On Mon, 2006-10-09 at 12:24 -0700, Daniel Walker wrote:
> > So, the question becomes: Do we want to start using arch specific
> > clocksources as early as possible, with the potential that we'll replace
> > it when a better one shows up later? It would allow for finer grained
> > timekeeping early in boot, which sounds nice, but I'm not sure how great
> > the real need is for that.
>
> My main motivation is that I'm assuming other uses of the interface will
> exist. Then anything that uses the interface after postcore will avoid
> switching clocks later.
What does it matter, when clocks switch? That's a one time event.
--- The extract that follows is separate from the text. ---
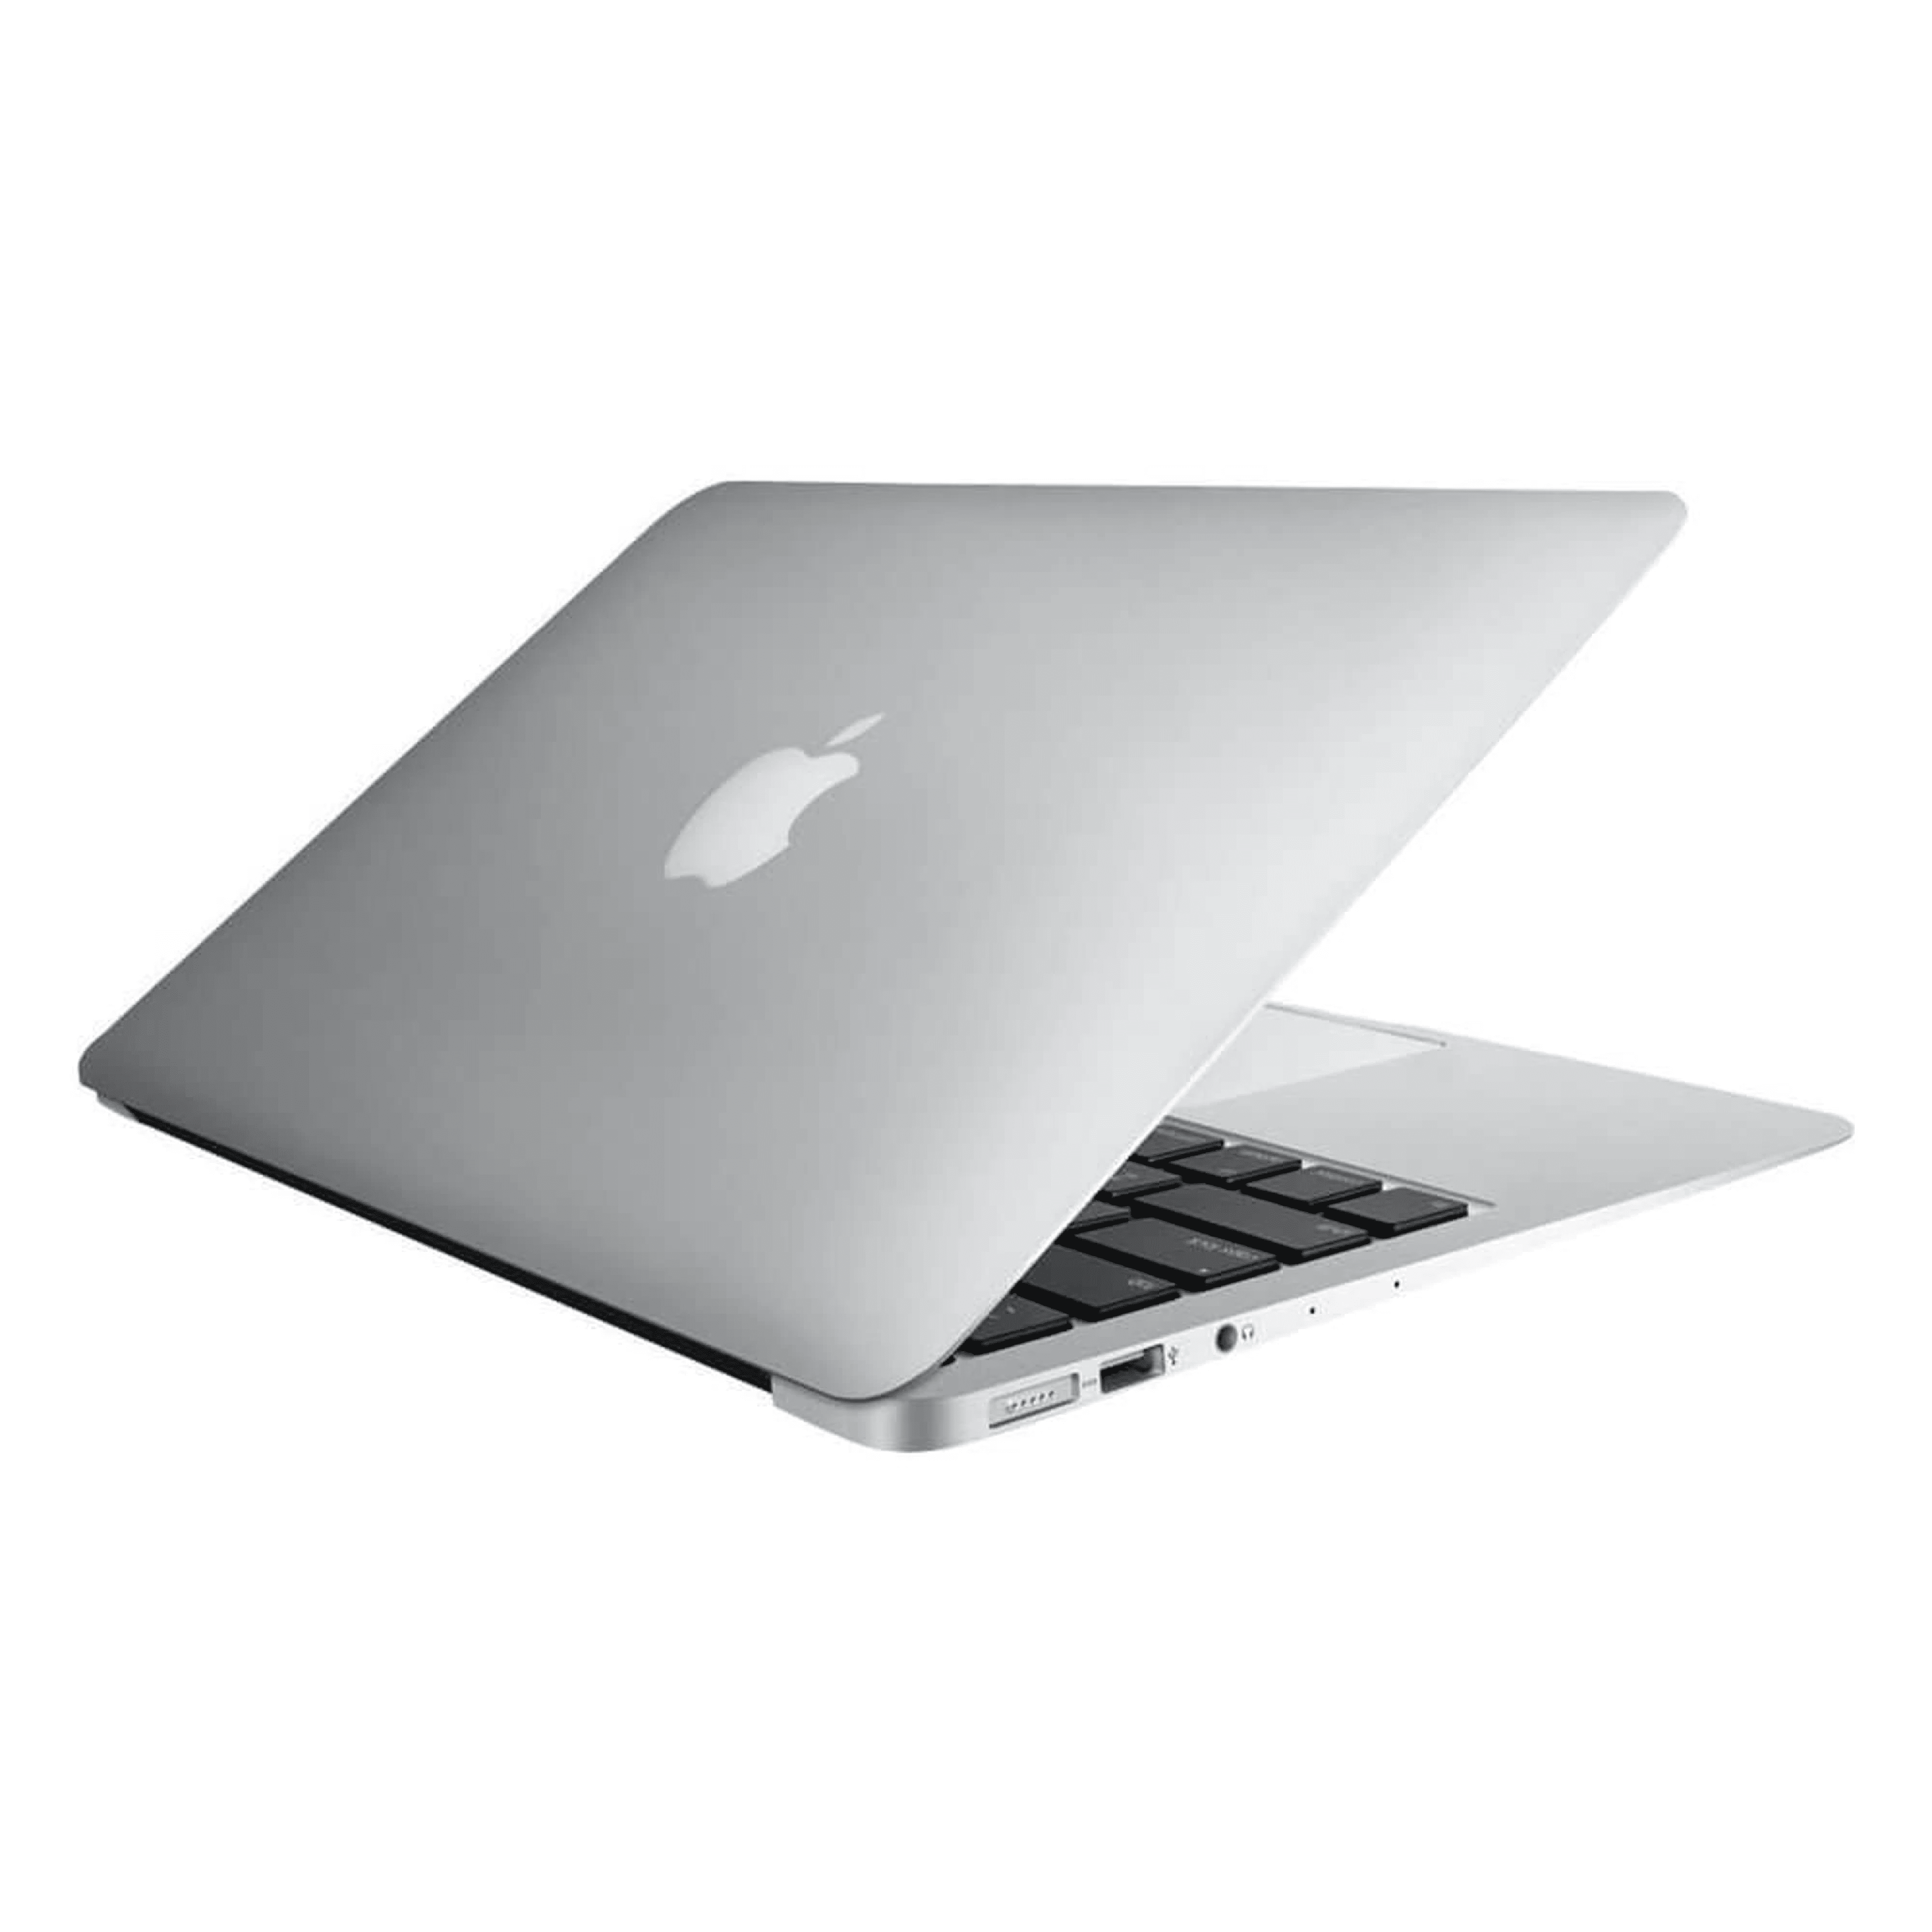 Restored | Apple MacBook Air | 11.6-inch | 4GB RAM 128GB SSD | Intel HD  Graphics | Bundle: Black Case, Wireless Mouse, Bluetooth/Wireless Airbuds  By

The boot code is different and there is nothing which requires the
availability of that interface in the early boot process.
> If I for instance, just return clocksource_jiffies until the system is
> fully booted then any thing that got a clock early, even during part of
> device_initcall, would end up switching to a new clock when boot up
> finished. I think that was acceptable when just timekeeping might have
> been using the interface, but I don't know that it would scale well from
> 1 to 2 to 5 users of the interface. Then you would have several clock
> switches happened after boot up .
What are the 5 users of that interface ?
There is one existing user, one artifical you try to create for
sched_clock and some handwaving about instrumentation. Even when we have
5 users, then the switching of clocks does not matter anything. This
happens the same way, when I load the highest rated clock source as a
module during init.
> > I suspect it might actually cause more shuffling, as some clocksources
> > (well, just the TSC, really.. its such a pain...) are not disqualified
> > until later because we don't know if the system will enter C3, or change
> > cpufreq, etc.. By waiting longer, we increase the chance that those
> > disqualifying actions will occur before we install it.
>
> This is something I've struggled with, but it's still and issue with the
> current code to a lesser degree. Like cpufreq isn't likely to be used
> during bootup, but acpi sleep states might be..
Lesser degree ? You have an issue, which was not there before you made
the changes. This is simply regression and the ignoring of that
regression is wilful breakage.
> The current code can be classified as avoiding shuffle, but not
> eliminating it. Like with the acpi_pm timer, I was thinking I'd just put
> it back into device_initcall and assume shuffling might happen in rare
> cases.
Great. We install TSC in early boot and pmtimer in late boot. Now we
have the fun of unsynced TSCs and time going backwards again, until we
get pmtimer loaded. I have explained it to you already, but that is the
reason why that stuff was moved into late boot.
Also you have not yet once given an explanation other than the "magic
churn", why this is necessary. There is no churn. The clocksource layer
is designed to allow the replacement of clock sources and it does not
hurt at all. It does also not matter if there are 1 ore 100 users.